Tatapan bola mata sekelam malam
itu menatap ke arahnya khawatir. Ia terdiam menatap wajah di atasnya yang
begitu dekat. Rasanya seluruh tubuhya terasa luluh tak bertenaga lagi. Sakura
tanpa sadar menutup matanya, mengalungkan kedua tangannya ke leher Sai sebelum
menariknya dalam ciuman jangka panjang.
Sai tentu terkejut atas reaksi
Sakura. Bahkan ia bingung harus bagaimana ketika perlahan-lahan bibirnya
bergerak sendiri sesuai irama yang dihasilkan Sakura.
Rasanya ini begitu nikmat.
Pertama kalinya untuk Sai, dan ia berasa enggan untuk menghentikannya barang
sedetikpun.
Kecipak bunyi kedua bibir yang
saling berbenturan itu terdengar awut-awutan karena nafsu. Lelehan hasilnya pun
melubar melewati garis rahang Sakura, sebelum meresap pada seprei di bawahnya.
Merasa sesak di bawah, dengan
susah payah celana seperempat miliknya akhirnya terlepas. Rasanya basah ketika milik
mereka saling berdekatan. Menimbulkan nuansa panas pada ciuman mereka.
Kedua bibir itu akhirnya
terlepas, bersamaan dengan seruan kenikmatan dari Sakura. Merasa nelurinya
bekerja, Sai mencicipi segala tempat dimana bibirnya jatuh. Memberikan sebuah
ciuman pengundang nafsu bagi keduanya. Bahkan ia tak sadar ketika sebelah
tangannya berusaha melepas pakaian terakhir Sakura hingga akhirnya melahap
salah satu gundukan yang ia dapat.
Sakura mendesah ria, menekan
kepala Sai untuk semakin melahap payudara miliknya. Kedua kakinya pun tak
ketinggalan mengalung erat pada pinggang pemuda di atasnya. Berusaha menjangkau apa
aja yang bisa bergesekan dengan mulut vaginanya yang terbelah. Pinggulnya tanpa
henti bergoyang untuk semakin menekan daging tegak yang semakin membelah
vaginanya. Menggesek-gesekkan pada mulut lorongnya yang sedari tadi basah
karena kenikmatan.
Sai mengerang ketika dirasa
kemaluannya terjepit pada daging yang hangat, tak mau kehilangan kenikmatannya
ia menekan lebih dalam. Merasa menemukan daging yang mulai melebar, ia menekan
lebih dalam lagi. Rasanya berdenyut-denyut ketika ujung miliknya mulai
memasukinya. Berusaha menekan lebih lanjut.
"Uhhhhh..."
Sakura tersentak kembali ke
dalam kesadarannya ketika sebuah daging keras memaksa memasuki tubuhnya. Ia
melirik ke bawah dan melihat kemaluan tegak itu semakin mendorong masuk. Ia tak sadar kapan Sai
melepas celananya. Dengan sisa tenaganya ia berontak menyingkirkan Sai, tapi
pemuda itu tetap memeluk erat tubuhnya, enggan terlepas. Sakura takut ketika
merasakan daging keras itu mulai terasa pada tubuhnya, ia berontak ingin lepas.

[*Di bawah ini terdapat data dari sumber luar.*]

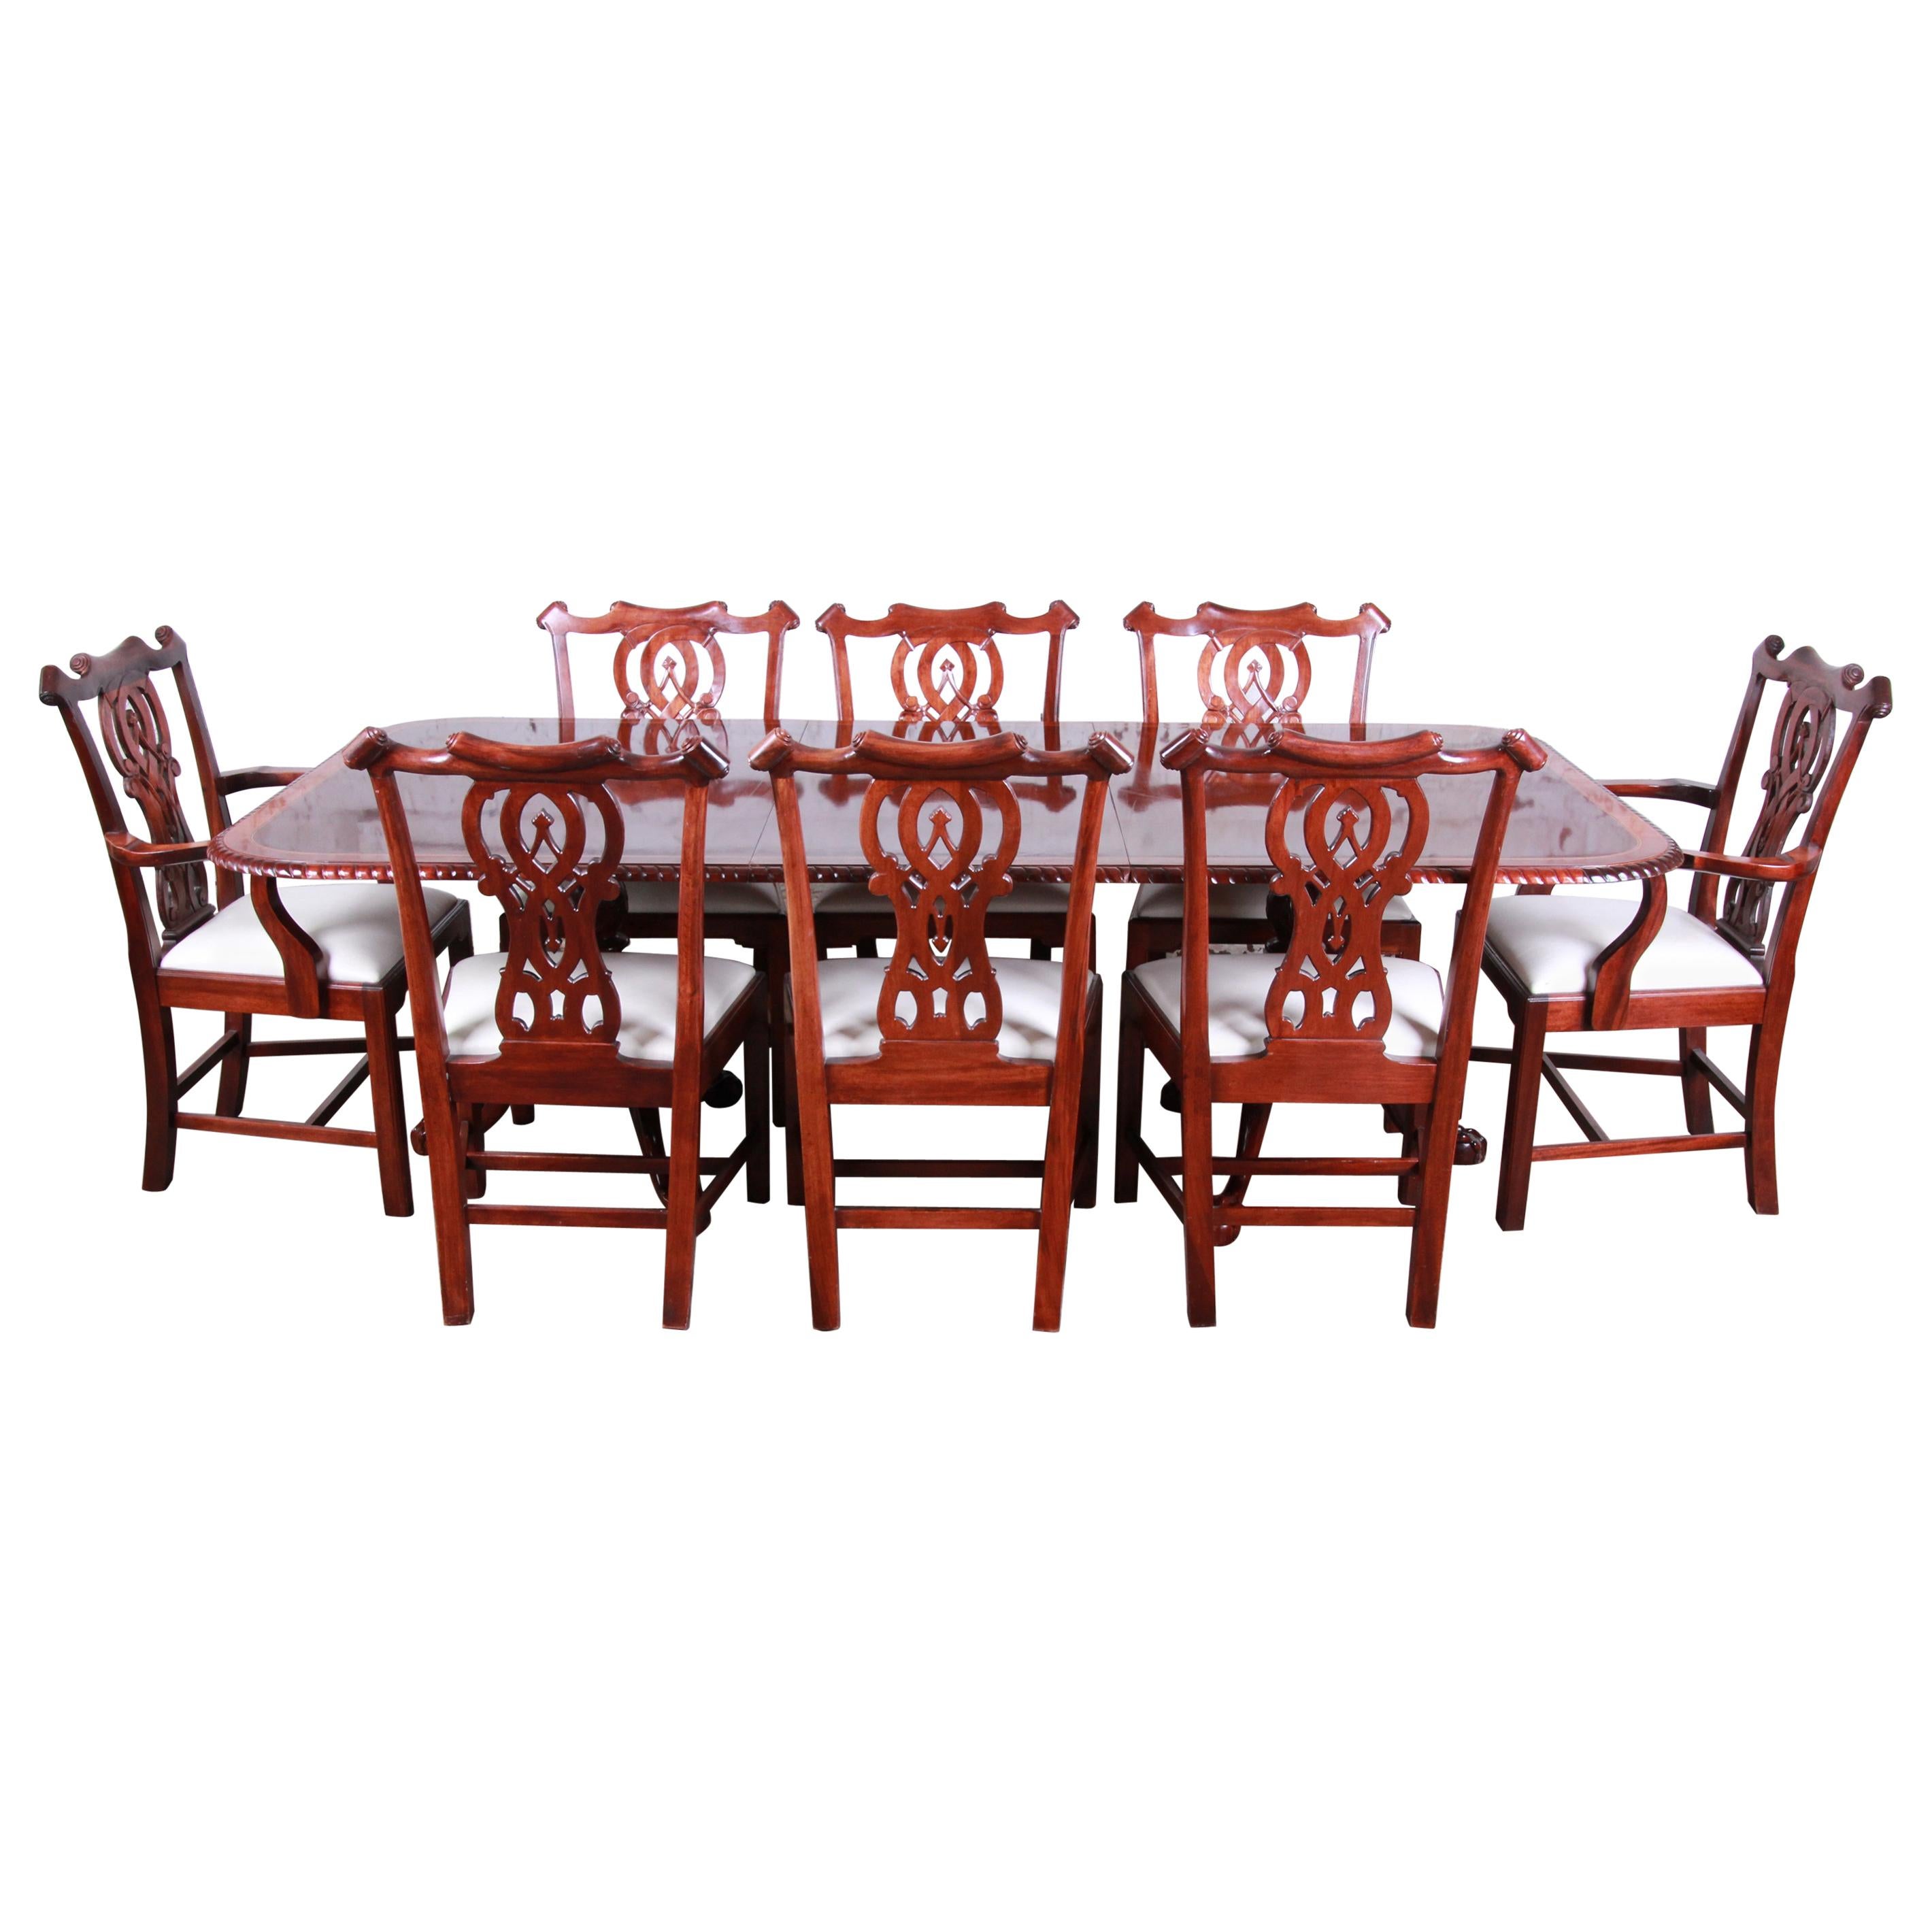 Chippendale Banded Mahogany Double Pedestal Dining Table with Eight Chairs

"Sai, lepaskan. Kumohon jangan!"
Suaranya terdengar serak bersamaan dengar air matanya yang keluar. Rasanya
tubuhnya hancur ketika dorongan terakhir yang diciptakan pemuda di atasnya
membuat tubuh mereka bersatu. Ia merasakan denyutan hebat sebagai respon dari
masuknya milik Sai bersamaan dengan kenikmatan yang ia terima ketika dua alat
reproduksi itu saling bekerja.
"Hiks... hiks...
hiks..." Samar-smar di antara kenikamatan yang tengah tercipta tangis itu
mengubah segalanya. Akhirnya ia mendongak untuk menatap wanita di bawahnya. Sai
terkejut mendapati air mata itu menderas. Ia tak mampu berucap, hanya bungkam
menatap penuh penyesalan ke arah Sakura.
***
Sudah sedari setengah jam yang
lalu sang penerang siang kembali ke tempat ia beristirahat. Meninggalkan dua sosok manusia yang tetap terdiam
meskipun kegiatan yang mereka lakukan terhenti satu jam yang lalu.

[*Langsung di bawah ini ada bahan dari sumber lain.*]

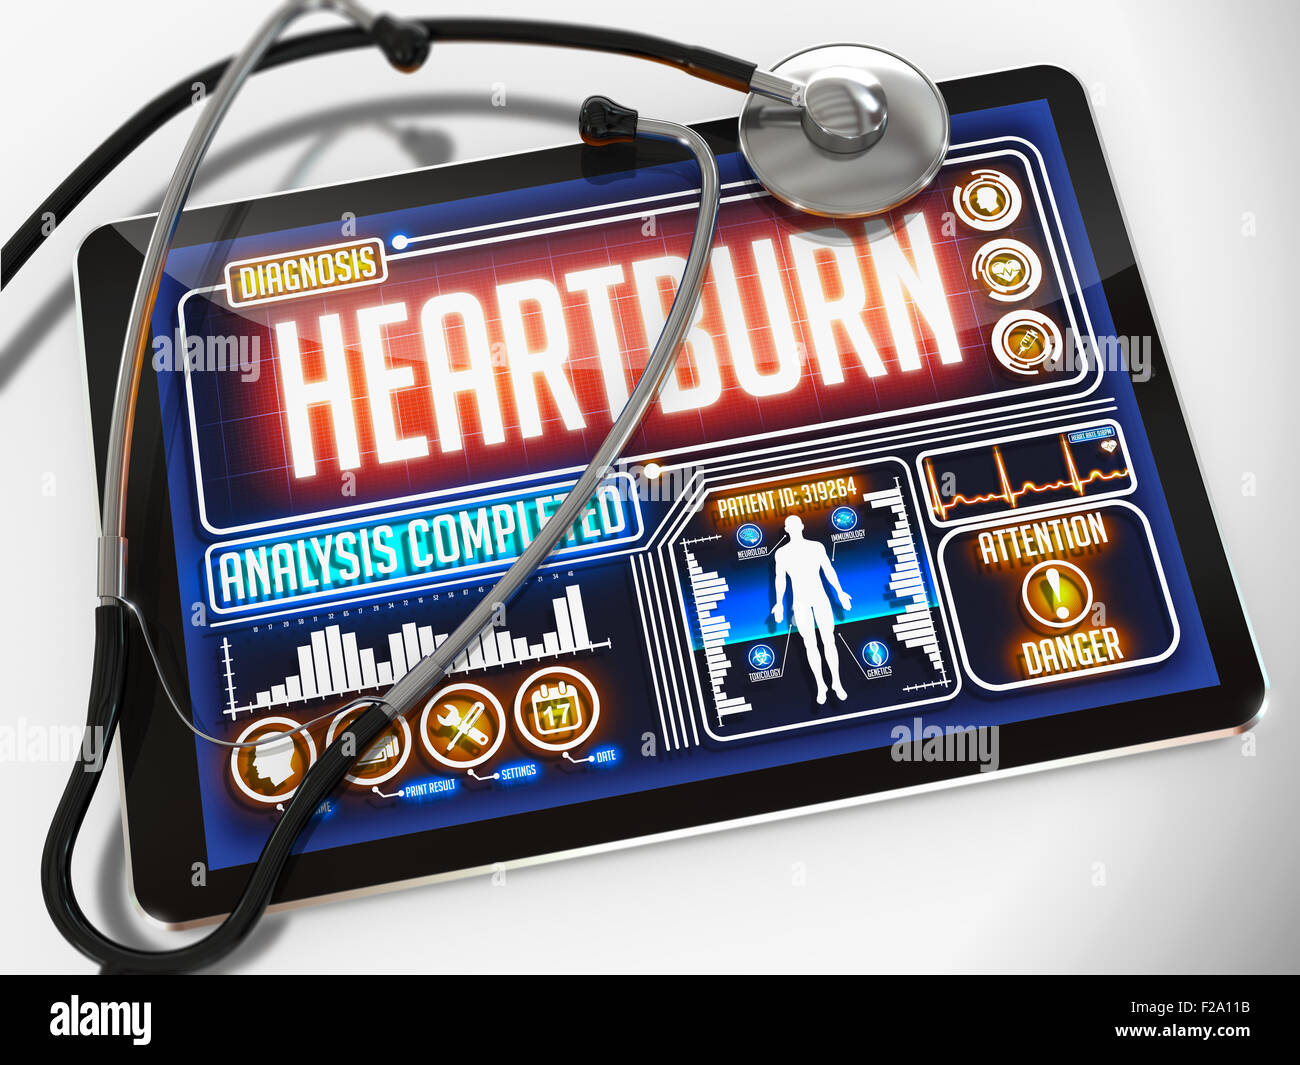 Heartburn on the Display of Medical Tablet. Stock Photo

Sakura meringkuk di balik selimutnya, membelakangi Sai yang terduduk di
ujung kamar miliknya. Rasanya kedua makhluk Tuhan ini tengah menyesali ketidak
terkendalian tubuh mereka.
"Pulanglah, Sai." Suara itu semakin terdengar serak, "Kau
sudah mendapatkan lebih dari yang kau cari."

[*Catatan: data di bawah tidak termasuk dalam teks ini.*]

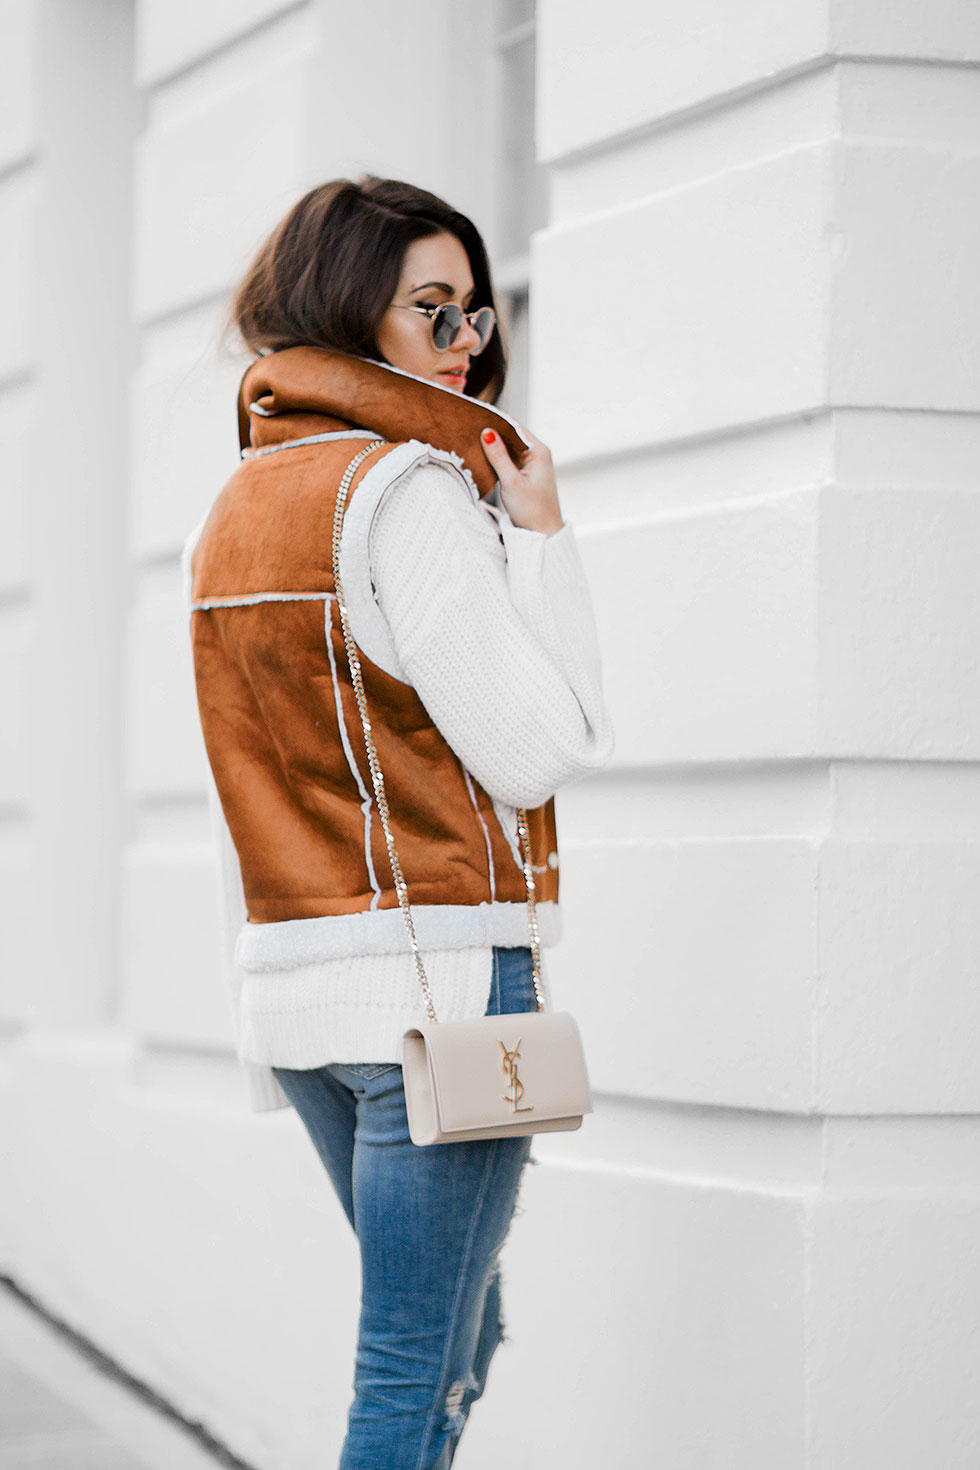 shearling vest outfit idea for winter --- featuring Rachel Zoe Jordy Turtleneck Sweater, Faux-Shearling Vest, Saint Laurent Monogramme Chain Shoulder Bag, Distressed Skinny Jeans, Ray Ban 50mm Retro Round Metal Sunglasses

Sai mendongak, menatap punggung polos Sakura yang tetap membelakanginya.
Ia tahu
Sakura tengah menahan tangisnya.
"Aku ingin sendiri,
Sai." Suara serak itu kembali terdengar.
Namun percuma Sai masih enggan
beranjak dari duduknya, malah ia semakin menenggelamkan kepalanya pada lipatan
kedua tangannya yang bertumpu pada kedua lututnya.
"Gomen, sakura-san," gumamnya.
Terlewat tengah malam mereka tetap mempertahankan posisi masing-masing.
Mendiamkan diri sendiri atas apa yang tengah mereka lakukan hari ini. Bahkan
ketika siang menjelang di hari berikutnya Sakura tetap mendapati Sai di pojok
ruanganya, meringkuk dalam duduknya.